Probably you need to use:

socat -u PIPE:P,rdonly ... ?

This config change is also needed:

--- a/tools/testing/selftests/net/netfilter/config
+++ b/tools/testing/selftests/net/netfilter/config
@@ -81,6 +81,7 @@ CONFIG_NFT_NUMGEN=m
 CONFIG_NFT_QUEUE=m
 CONFIG_NFT_QUOTA=m
 CONFIG_NFT_REDIR=m
+CONFIG_NFT_REJECT=m

since thats the kernel feature template used by the netdev ci to
build the test kernel to use.

Another issue: cwd might be readonly, so creating pipe.test will fail.

I suggest to use
pipename=$(mktemp -u)

so the named fifo is created in /tmp which is writeable.

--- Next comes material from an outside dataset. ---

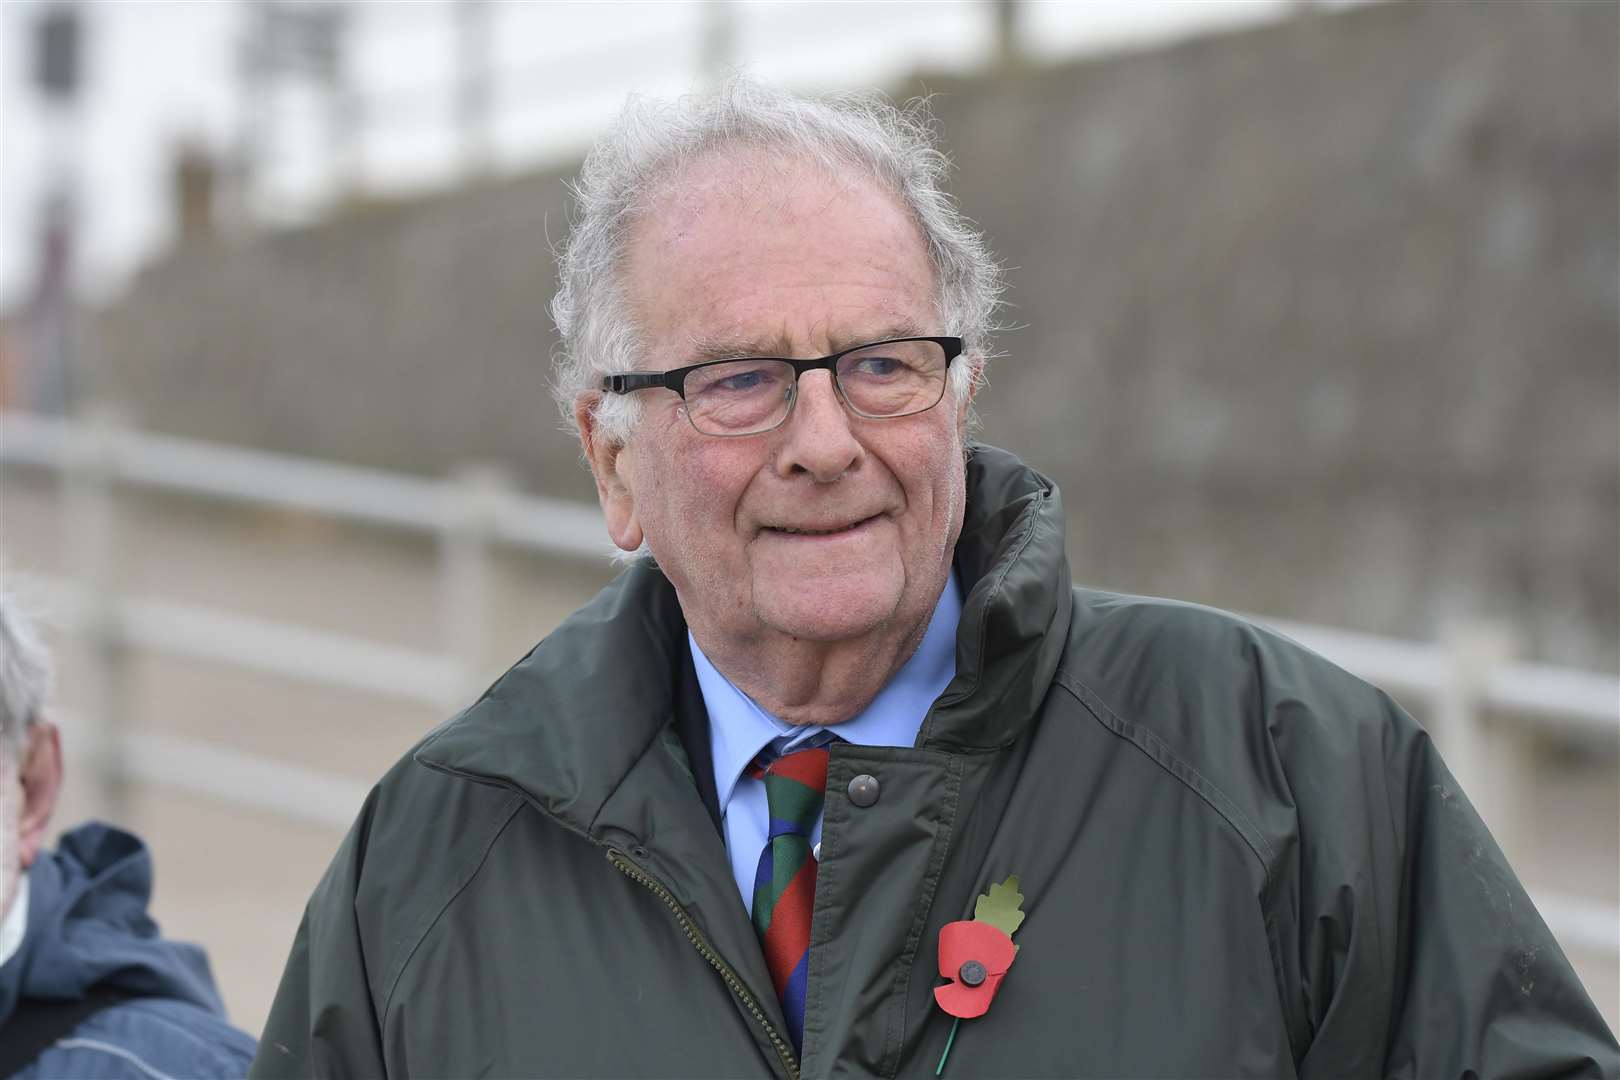 Thanet North's MP Sir Roger Gale

Re: netfilter expected behavior for established connections

[Antonio Ojea]

> Are you sure this script works as intended?
>
> Doing:
> socat tcp-listen:12345,fork PIPE &
>
> socat PIPE:P tcp:127.0.0.1:12345 &
>
> echo foo > P
>
> ... causes endless traffic, since listener echoes
> P back, that gets written to P, socat reads from it,
> eches foo to server, that sends to client, ...
>

heh, I got bitten for that too, that is why I have

echo PING >&3 && read line <&3

the moment that you read it from the fd, it does not come back to the
socket and you break the loop.
I like this approach because it guarantees the packet traverse the
network , but I think we can make it unidirectionally and just dump
the other side in a
It is surprisingly more complex than I thought to create a persistent
connection that you can reuse in the test..
Let me try to find a simpler way

Re: netfilter expected behavior for established connections

[Florian Westphal]

Antonio Ojea <antonio.ojea.garcia@gmail.com> wrote:
> heh, I got bitten for that too, that is why I have
> 
> echo PING >&3 && read line <&3
> 
> the moment that you read it from the fd, it does not come back to the
> socket and you break the loop.

AFAIU the read could happen before socat managed to read from
the pipe (so nothing is sent over network).

Or there could have been several writes over the network,
not just 'exactly one write'.

Re: netfilter expected behavior for established connections

[Antonio Ojea]

On Wed, 12 Mar 2025 at 19:20, Florian Westphal <fw@strlen.de> wrote:
>
> Antonio Ojea <antonio.ojea.garcia@gmail.com> wrote:
> > heh, I got bitten for that too, that is why I have
> >
> > echo PING >&3 && read line <&3
> >
> > the moment that you read it from the fd, it does not come back to the
> > socket and you break the loop.
>
> AFAIU the read could happen before socat managed to read from
> the pipe (so nothing is sent over network).
>
> Or there could have been several writes over the network,
> not just 'exactly one write'.

I tcpdumped to verify the behavior, but let me work on it and use a
different approach that is not so racy and random, I just wanted to
validate my assumption on the expected behavior

Re: netfilter expected behavior for established connections

[Antonio Ojea]

> I tcpdumped to verify the behavior, but let me work on it and use a
> different approach that is not so racy and random, I just wanted to
> validate my assumption on the expected behavior

There were also other bugs in this patch so please disregard it.
I submitted a new one in
https://lore.kernel.org/netfilter-devel/20250313231341.3040002-1-aojea@google.com/T/#u

I also realized that I need to use "reject with tcp reset" to close
the established connection, rejecting ICMP messages does not seem to
have any effect over established connections.